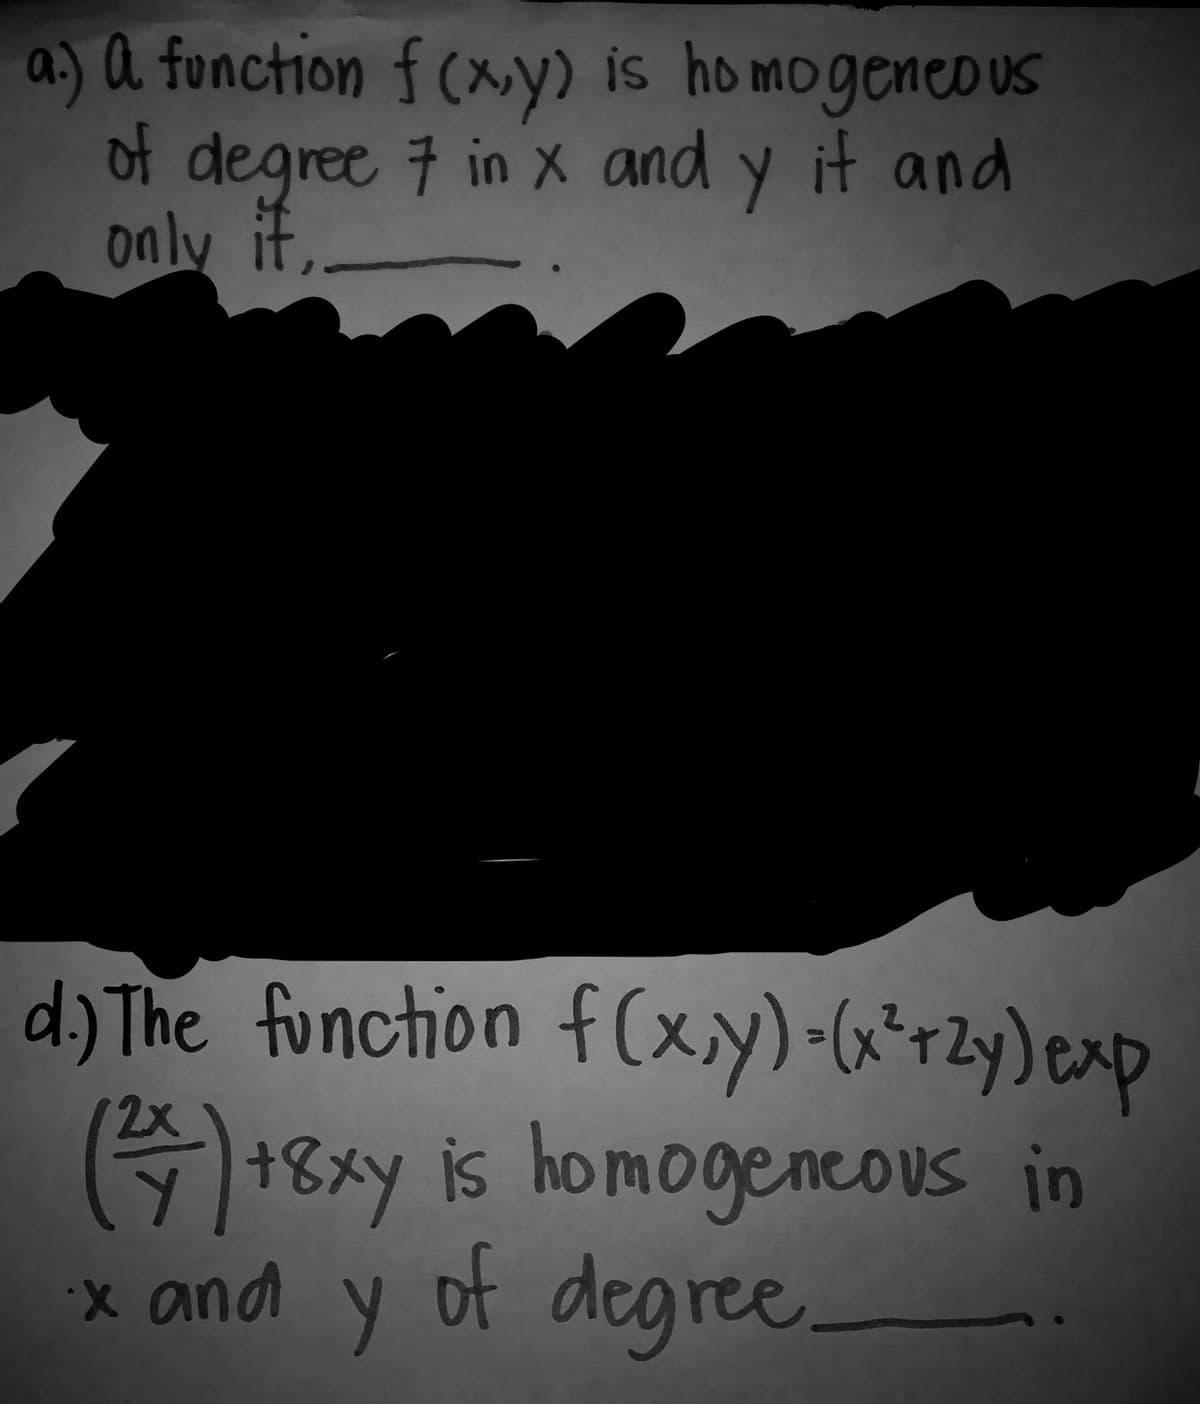 a) a fonction f (xy) is homogeneo US
of degree 7 in x and y it and
only if
s
d) The function f(xy)-«*rzy) exp
2x
+8xy is homogeneous in
COUS
x and y
of degree
++++
### About this exercise
Reproduce the whole listing verbatim and keep all pictures out of it.

### Solution
 a) a fonction f (xy) is homogeneo US
of degree 7 in x and y it and
only if
s
d) The function f(xy)-«*rzy) exp
2x
+8xy is homogeneous in
COUS
x and y
of degree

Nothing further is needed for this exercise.